Single by Goombay Dance Band

from the album Holiday in Paradise
- Released: 1981
- Genre: Euro disco
- Length: 3:54
- Label: CBS; Epic;
- Songwriters: Wolff-Ekkehardt Stein; Wolfgang Jass; Ian Cai Mercer;
- Producer: Jochen Peterson

Goombay Dance Band singles chronology
| "Rain" (1980) | "Seven Tears" (1981) | "Christmas at Sea" (1981) |

= Seven Tears (song) =

They also released Rain as a single
"Seven Tears" is a song by the Goombay Dance Band, released in 1981. It was released as the only single from their third studio album, Holiday in Paradise, and was subsequently featured on the UK-only compilation Seven Tears.
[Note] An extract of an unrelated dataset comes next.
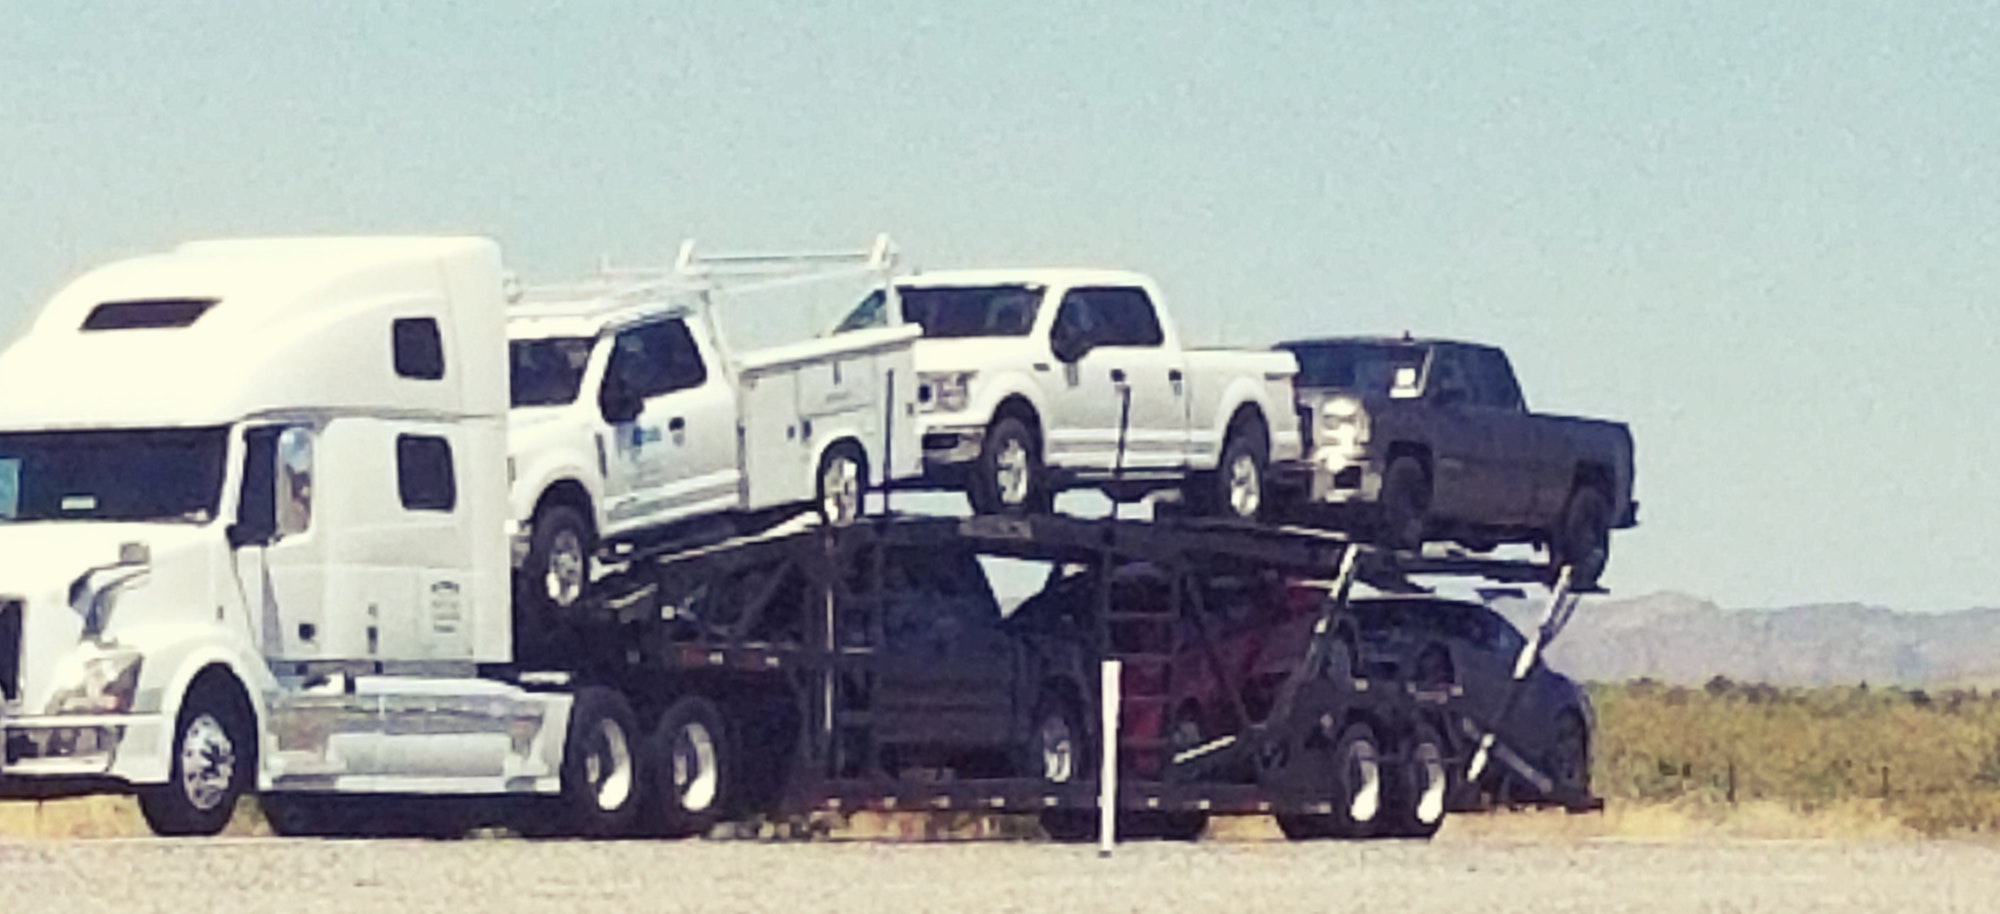 Big Rig Semi Truck Hauling Car Hauler Trailer Filled with Pick Up Trucks!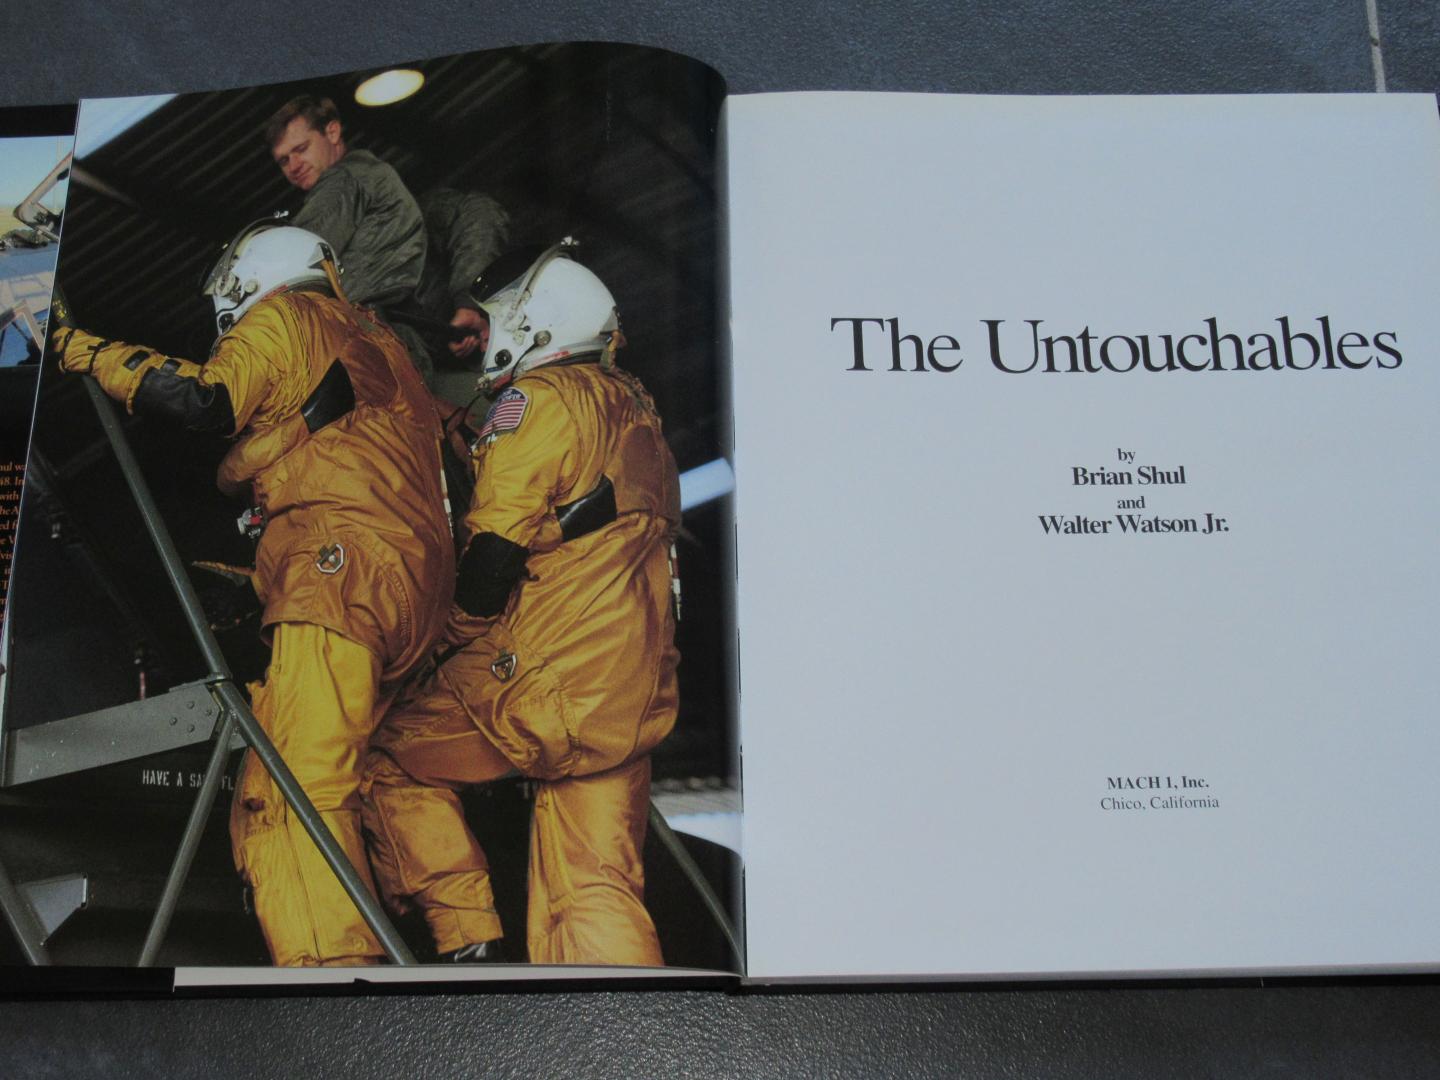 Shul, Brian & Watson Jr., Walter - The Untouchables : Mission Accomplished (SR-71 Blackbird)

Written by Wolff-Ekkehardt Stein and Wolfgang Jass, and produced by Jochen Peterson, "Seven Tears" was a major hit across Europe in the winter and spring of 1982. The song spent three weeks at number one on the UK Singles Chart, being the fourth time a German act had topped the UK chart, six weeks after Kraftwerk had achieved that feat with "The Model" in 1982 and Boney M with "Rivers of Babylon" and "Mary's Boy Child" in 1978.

==Track listings==
7" vinyl single

12" vinyl single

Side one
| No. | Title | Writer(s) | Length |
|---|---|---|---|
| 1. | "Seven Tears" | Wolff-Ekkehardt Stein, Wolfgang Jass | 3:54 |

Side two
| No. | Title | Writer(s) | Length |
|---|---|---|---|
| 1. | "Mama Coco" | Uve Schikora | 3:30 |

Side one
| No. | Title | Writer(s) | Length |
|---|---|---|---|
| 1. | "Seven Tears" (Extended Dance Mix) | Stein-Jass | 5:21 |

Side two
| No. | Title | Writer(s) | Length |
|---|---|---|---|
| 1. | "Mama Coco" | Schikora | 3:30 |

==Charts==

===Weekly charts===

| Chart (1981–1982) | Peak position |
|---|---|
| Australia (Kent Music Report) | 25 |
| Austria (Ö3 Austria Top 40) | 15 |
| Belgium (Ultratop 50 Flanders) | 6 |
| Denmark (Hitlisten) | 10 |
| Netherlands (Dutch Top 40) | 4 |
| Netherlands (Single Top 100) | 7 |
| Ireland (IRMA) | 1 |
| New Zealand (Recorded Music NZ) | 28 |
| Sweden (Sverigetopplistan) | 7 |
| France (SNEP) | 9 |
| Spain (AFYVE) | 18 |
| UK Singles (Official Charts) | 1 |
| West Germany (GfK) | 13 |

===Year-end charts===

| Chart (1982) | Position |
|---|---|
| Belgium (Ultratop Flanders) | 82 |
| Netherlands (Dutch Top 40) | 62 |
| Netherlands (Single Top 100) | 84 |

==Certifications==

| Region | Certification | Certified units/sales |
| United Kingdom (BPI) | Gold | 500,000^{^} |
^{^} Shipments figures based on certification alone.

==Cover versions==
- French singer Séverine recorded a German version in 1981 named "Sieben Tränen".
- Dutch singer Arne Jansen recorded a Dutch version, named "Zeven brieven", which was a charting hit in 1982.
- The Swedish dansband Jigs recorded a Swedish version of the song in 1982, named "Hundra tårar".
- Croat singer Darko Domijan recorded a Croat version, named "Sedam suza".